Effect of Myocardial Viability, Percutaneous Coronary Intervention, and Functional Recovery on Clinical Outcomes in the REVIVED-BCIS-2 Randomized Trial—Coverage of ACC.23 | SCAI

Why is this study important?

  • Primary results of this RCT, released last summer, showed that revascularization with PCI + OMT did not reduce rates of death or hospitalization for heart failure, or improve LV function after 6 months, compared with OMT alone among patients with CAD and LVEF ≤35%.
  • This follow-up sub-study found that the extent of underlying myocardial viability didn’t matter: even those with extensive myocardial dysfunctional and viability did not have better outcomes with PCI + OMT compared with OMT alone.  Extent of myocardial scar (as % of LV) correlated with reduced likelihood of ventricular recovery in both treatment groups, and improved LV recovery was linked to better outcomes. 

What question was this study supposed to answer? 

Other studies (notably the STICH RCT) found that revascularization with CABG + OMT reduced adverse event rates compared with OMT alone in low-LVEF patients when significant myocardial viability was present.  REVIVED-BCIS2 tested whether revascularization with PCI could achieve similar benefits. 

What did the study show?

700 patients with ischemic systolic dysfunction (LVEF ≤35%) were randomly assigned to PCI + OMT (n=347) or OMT alone (n=353). Primary outcome was all-cause death or hospitalization for heart failure.  At a median follow-up of 41 months, no difference in the primary outcome was observed (37.2% vs 38%, HR = 0.99, p=0.96). For this sub-study, patients were stratified by the extent of myocardial viability and by extent of scar.  Analyses evaluated “All Viable Myocardium” patients which included patients with normal or abnormal wall motion plus viable myocardium, and “Dysfunctional-Viable Myocardium” patients which assessed just those with abnormal resting wall motion and underlying viability by cardiac MR (about 70% patients) or dobutamine stress echo. A marginal association between extent of viability and the primary outcome was found for the “All Viable” sub-group but not for the “Dysfunctional-Viable” sub-group.  Scar burden inversely correlated with the primary outcome.  The primary outcome was not impacted by treatment assignment when assess by tertile of viability or scar burden.  Left ventricular recovery at 6 months was significantly better for patients in the “All Viable” subgroup and significantly worse for those with large scar burden, regardless of treatment.  Better LV recovery was associated with significantly lower rates of the primary outcome.

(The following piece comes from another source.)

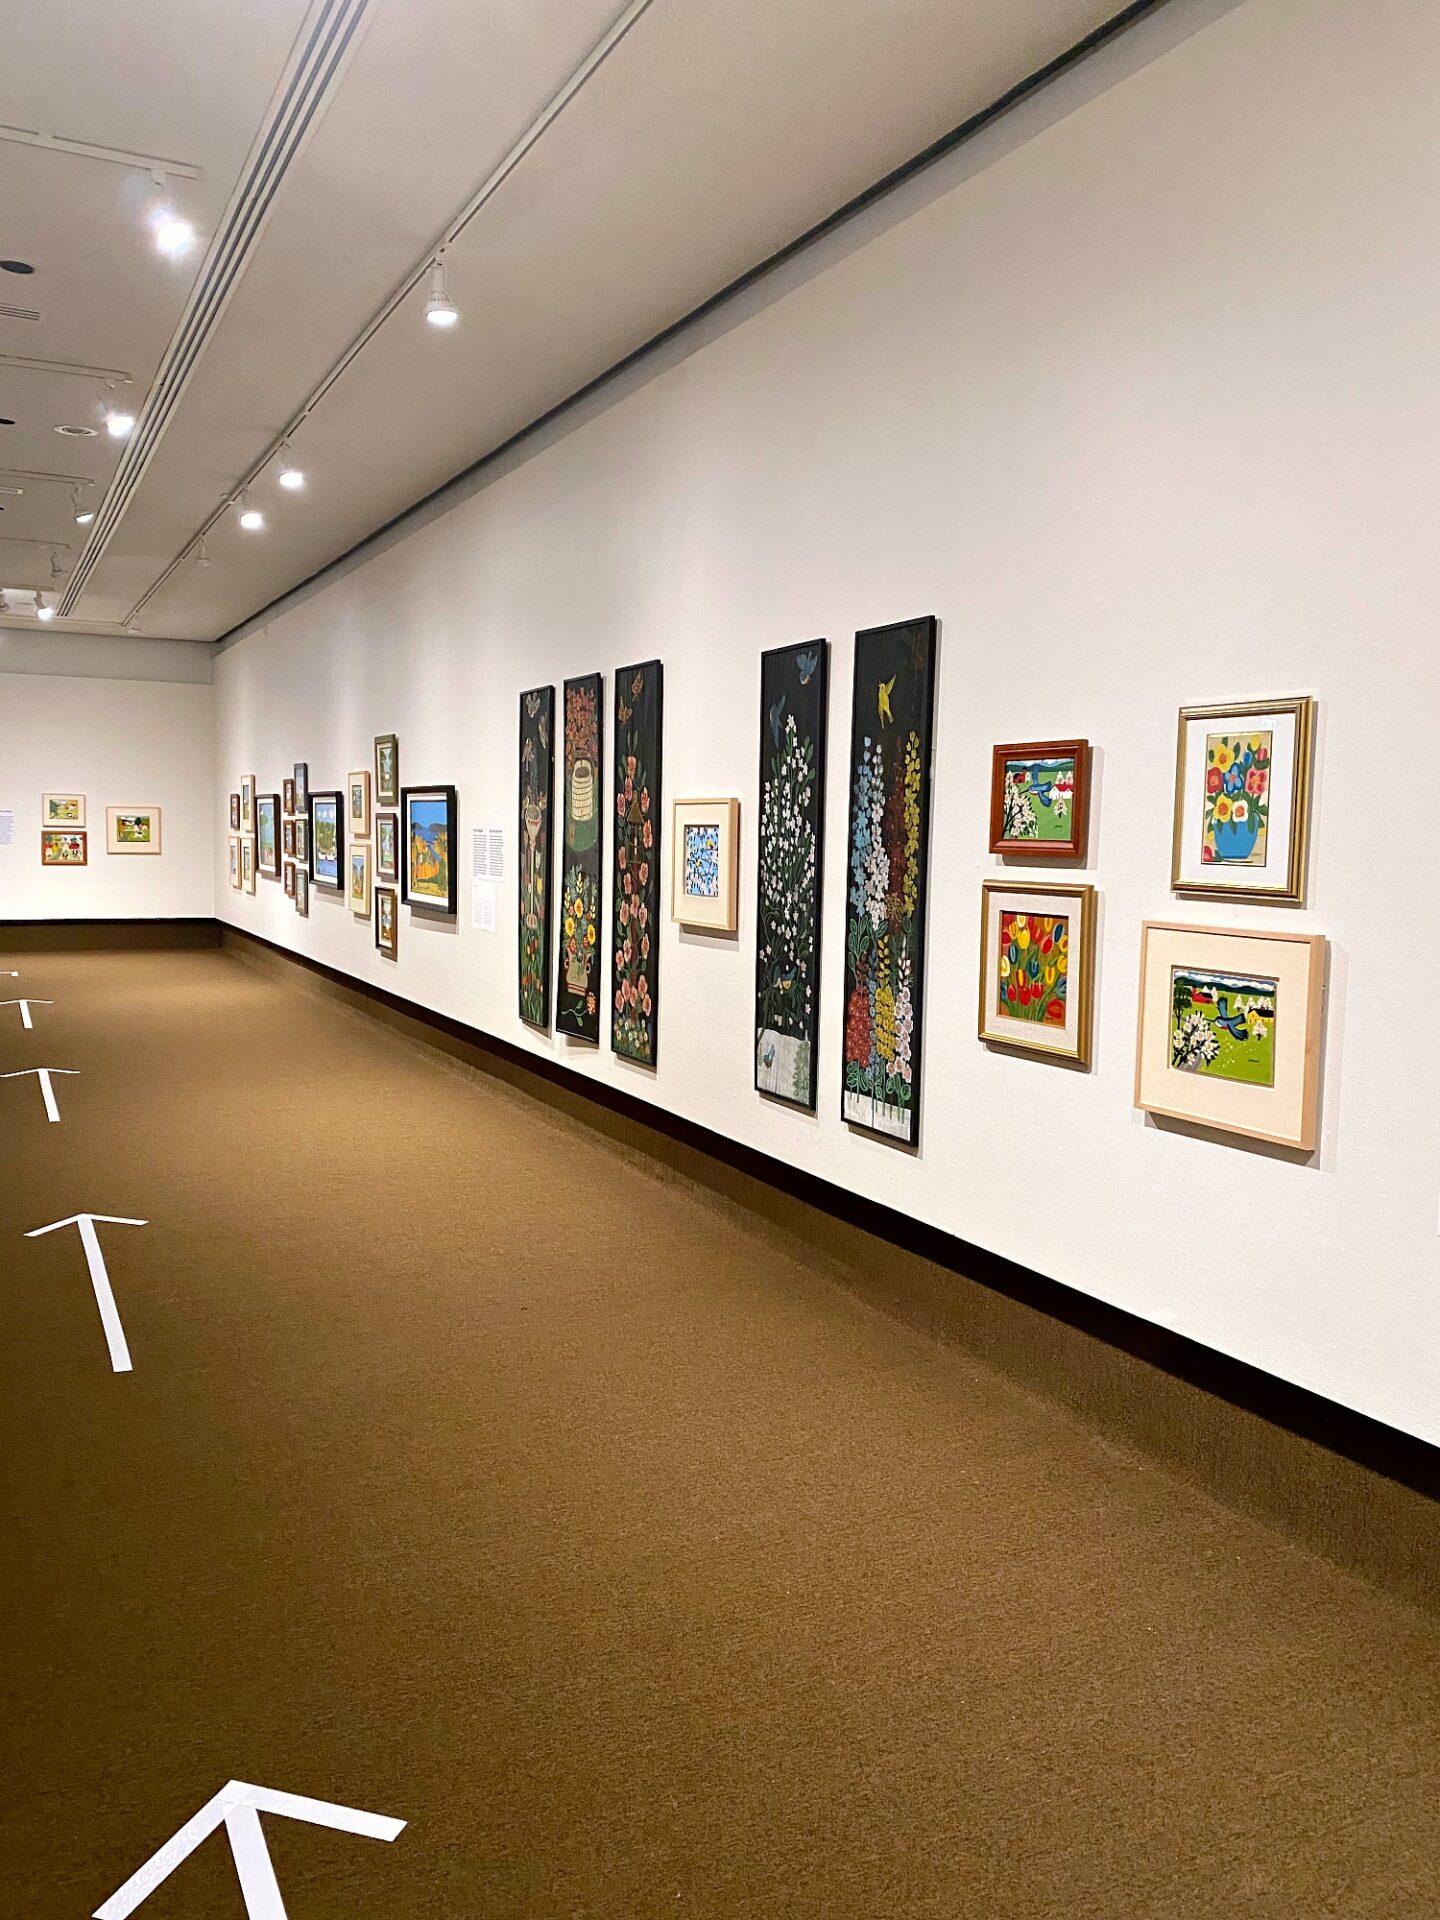 Exposition de l'artiste folk canadien Maud Lewis

This sub-study of the REVIVED-BCIS2 RCT is the largest yet to assess the impact of revascularization using PCI among patients with severe ischemic systolic dysfunction.  Unlike STICH, which found benefit with surgical revascularization when underlying myocardium was viable, results of REVIVED-BCIS2 found that revascularization using PCI did not improve outcomes in this population. The study was designed to find a 30% relative reduction in the primary outcome at p=0.05 significance and 85% power, there were no limiting recruitment issues, and blinded core labs were used for the MR and echo work, so the main study was well-designed and executed.  Power estimates were not shown for this sub-study, but certainly the power of observations for any sub-group is less than for the entire study population. Unfortunately, this sub-study did not integrate ischemia data: while viability is necessary if PCI is to help, dysfunctional but viable myocardium with adequate flow is still unlikely to benefit from PCI. Other factors that may have influenced the findings include the possibility of patient selection bias (e.g., patients with more severe disease, and therefore greatest potential for benefit with revascularization, may have been directed away from the trial and toward CABG), loss of 50 patients due to unacceptable viability study quality or patient drop out with somewhat more dropping out of the PCI + OMT treatment group (7% vs 4.5%), and the relatively small study size (roughly half the number of patients as in STICH).  Still, in current state, this study indicates that PCI should not be offered routinely to patients with stable ischemic cardiomyopathy with the intent to improve LV function, reduce risk of death or avoid hospitalization for heart failure.